■ Stored data:
******************************

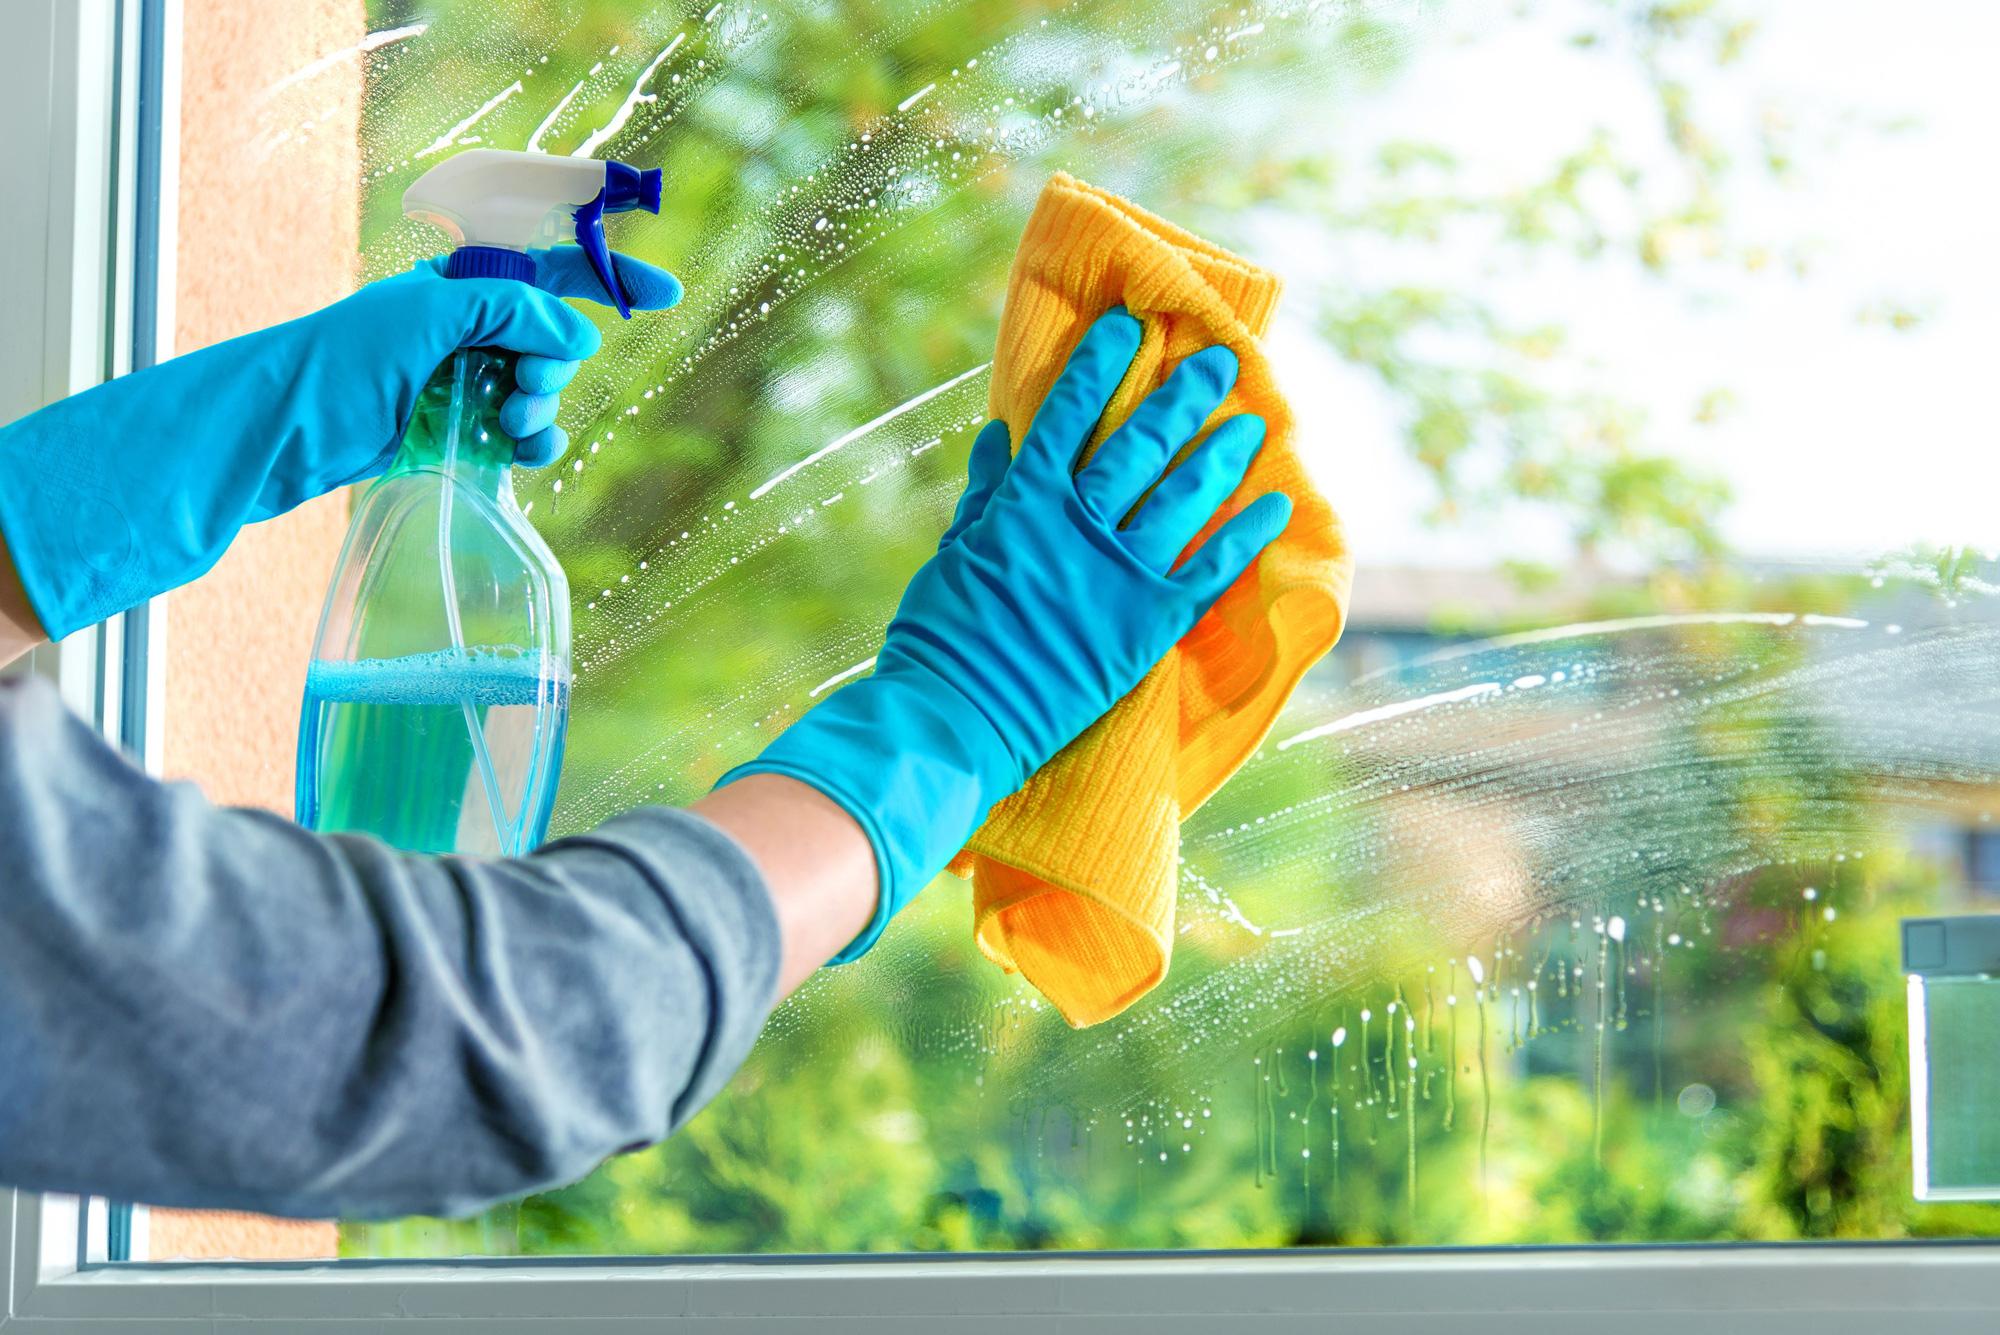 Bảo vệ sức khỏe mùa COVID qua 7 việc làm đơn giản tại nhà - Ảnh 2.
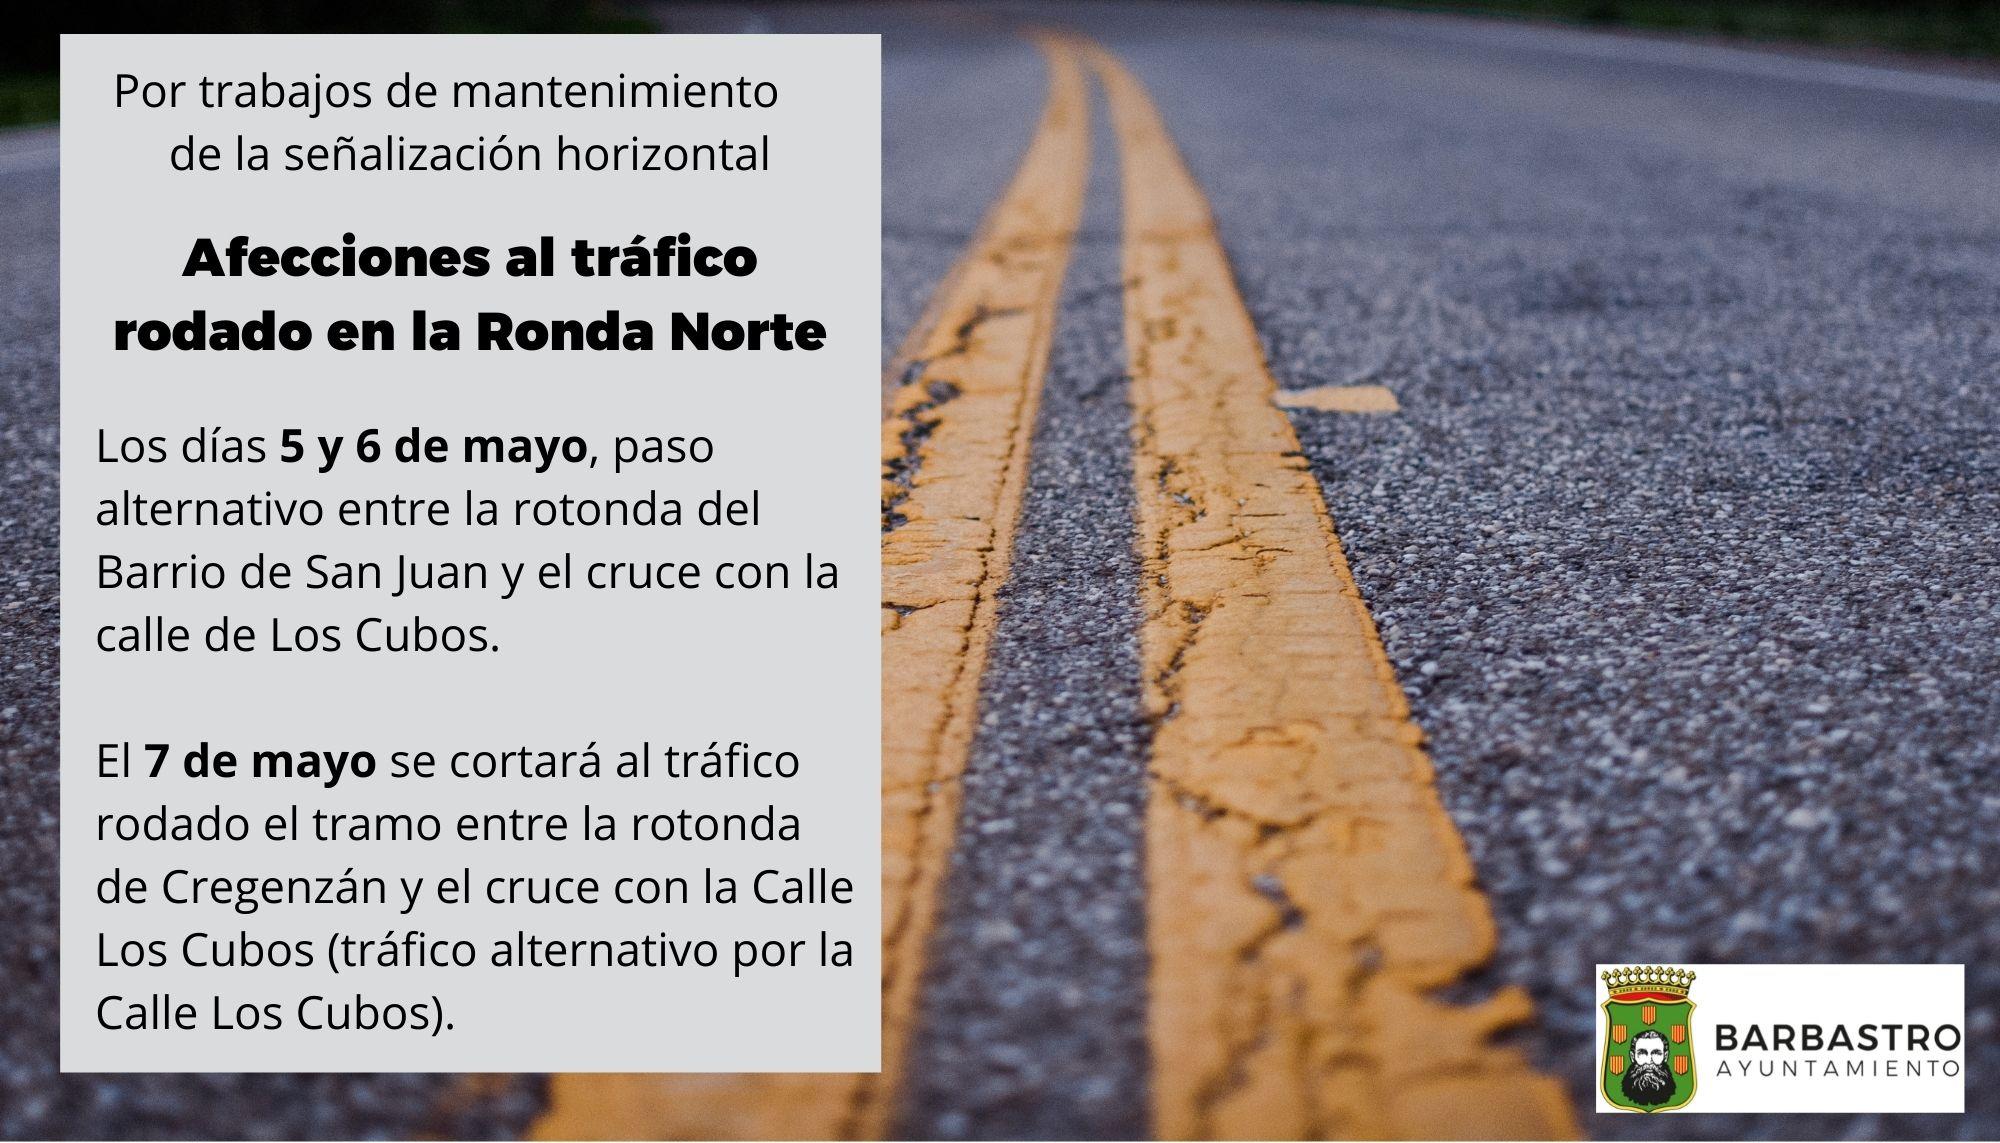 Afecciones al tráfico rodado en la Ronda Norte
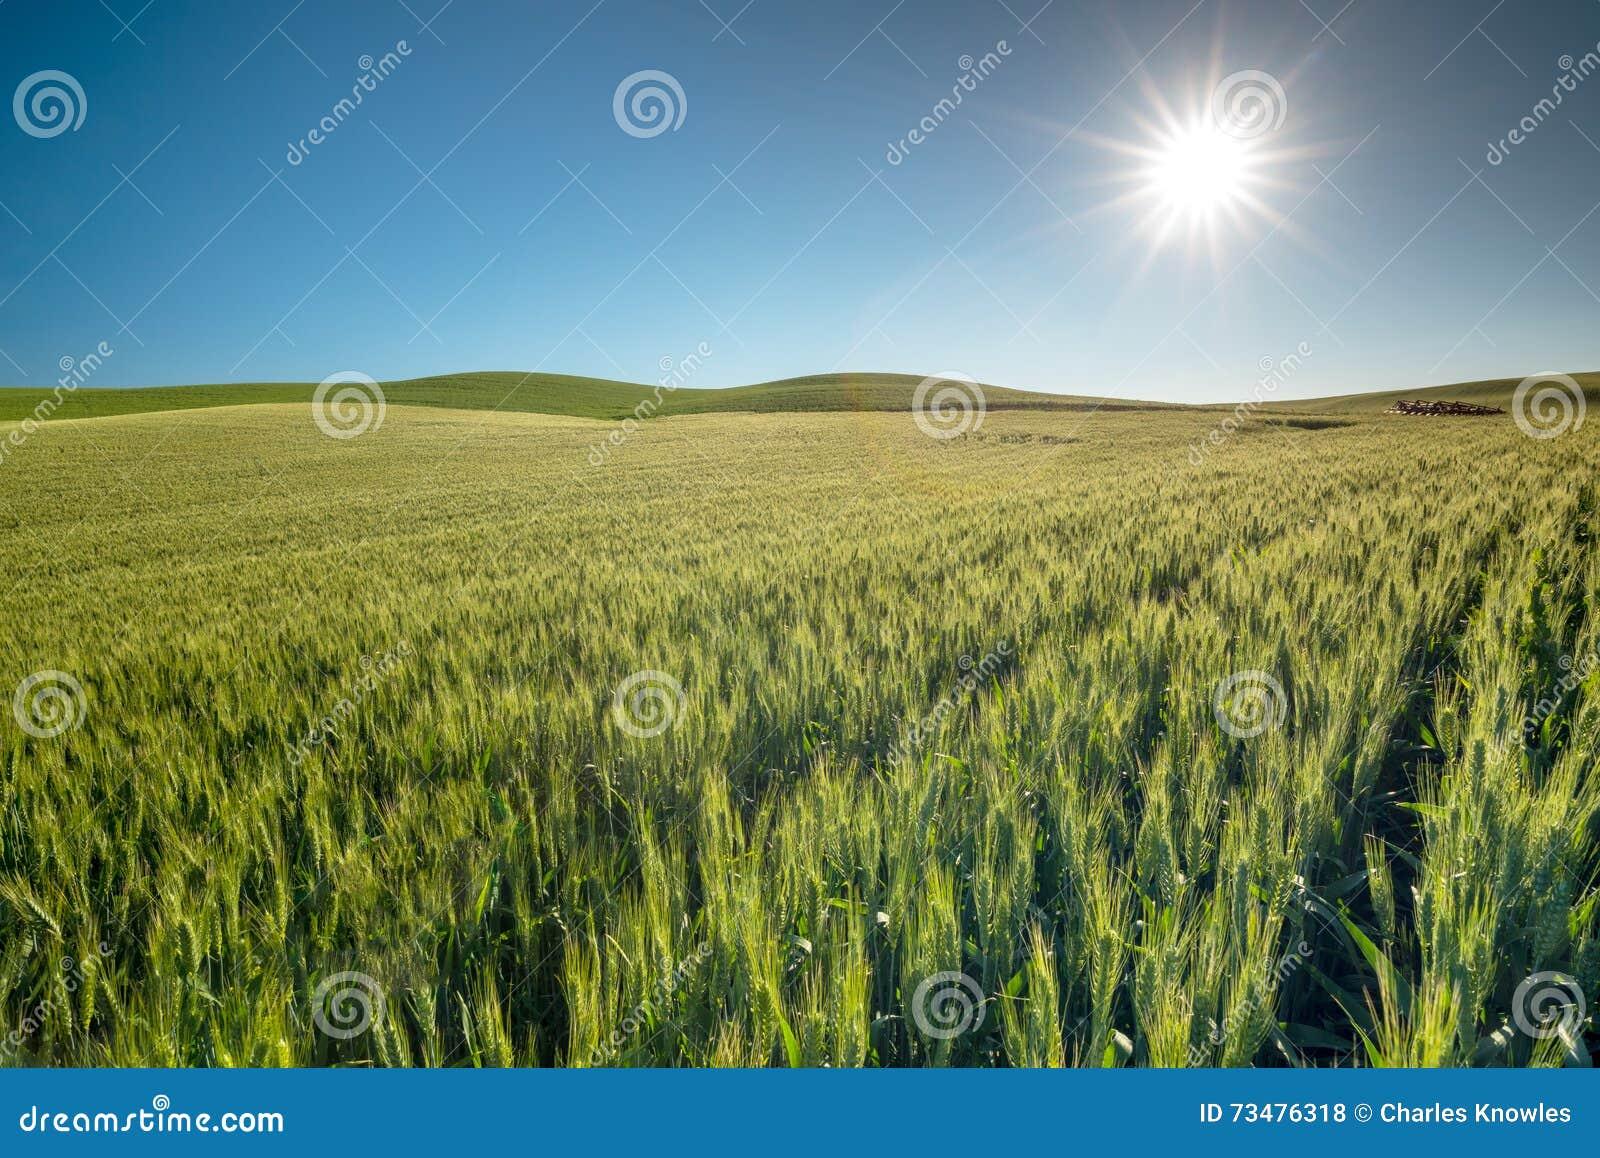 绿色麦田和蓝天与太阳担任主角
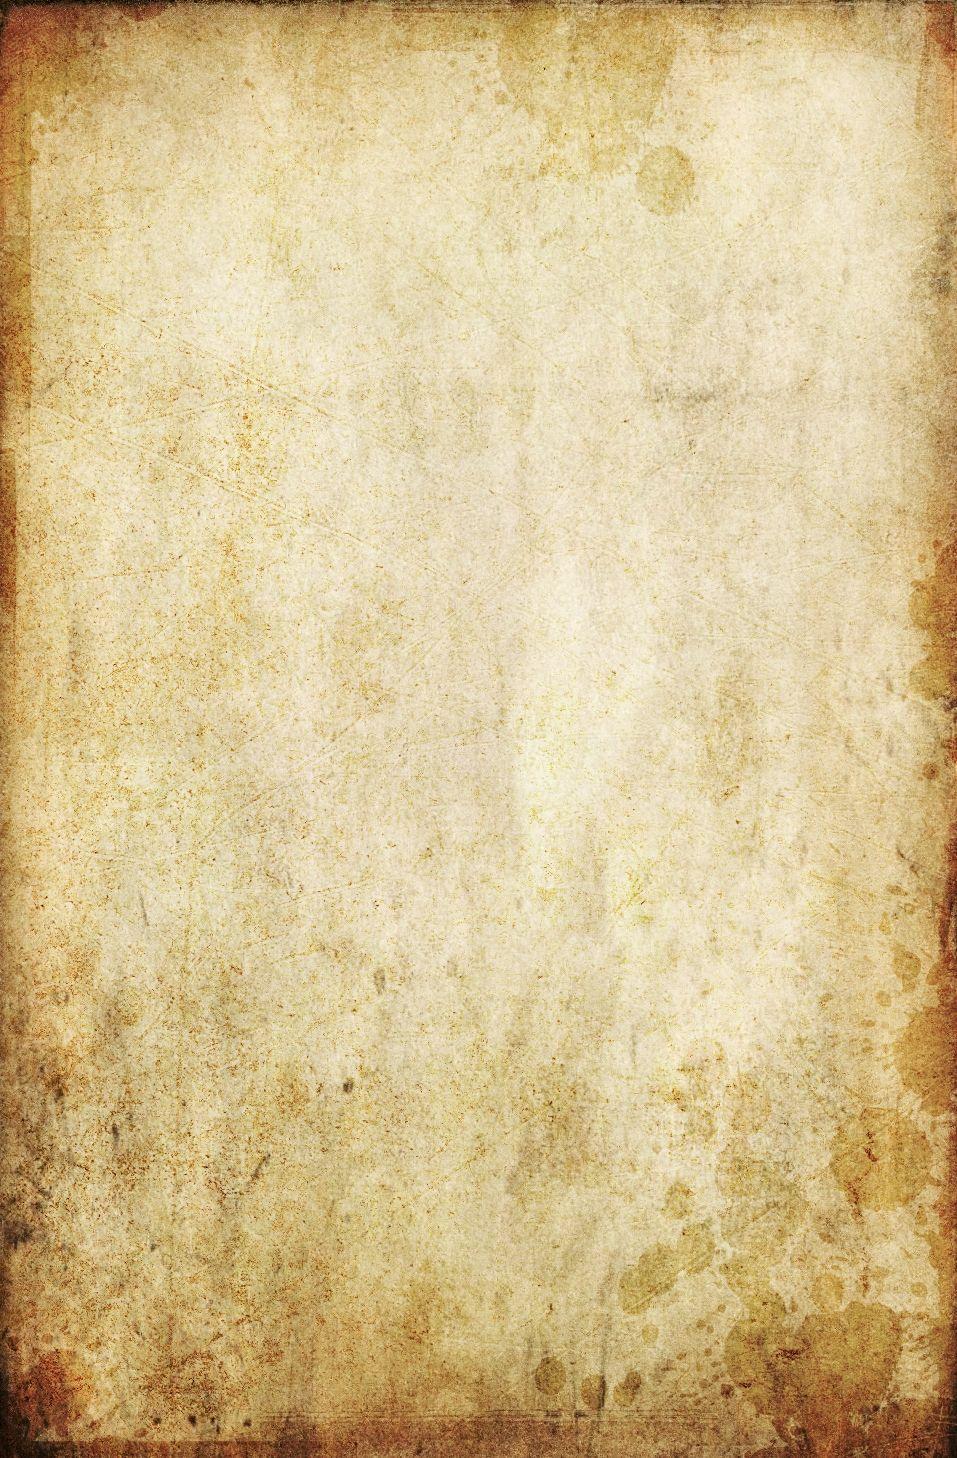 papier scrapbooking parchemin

******************************

■ Exercise: Reproduce the listing exactly, but omit every picture in it.

■ Response to this task:
 Bảo vệ sức khỏe mùa COVID qua 7 việc làm đơn giản tại nhà - Ảnh 2.
 Afecciones al tráfico rodado en la Ronda Norte
 绿色麦田和蓝天与太阳担任主角
 papier scrapbooking parchemin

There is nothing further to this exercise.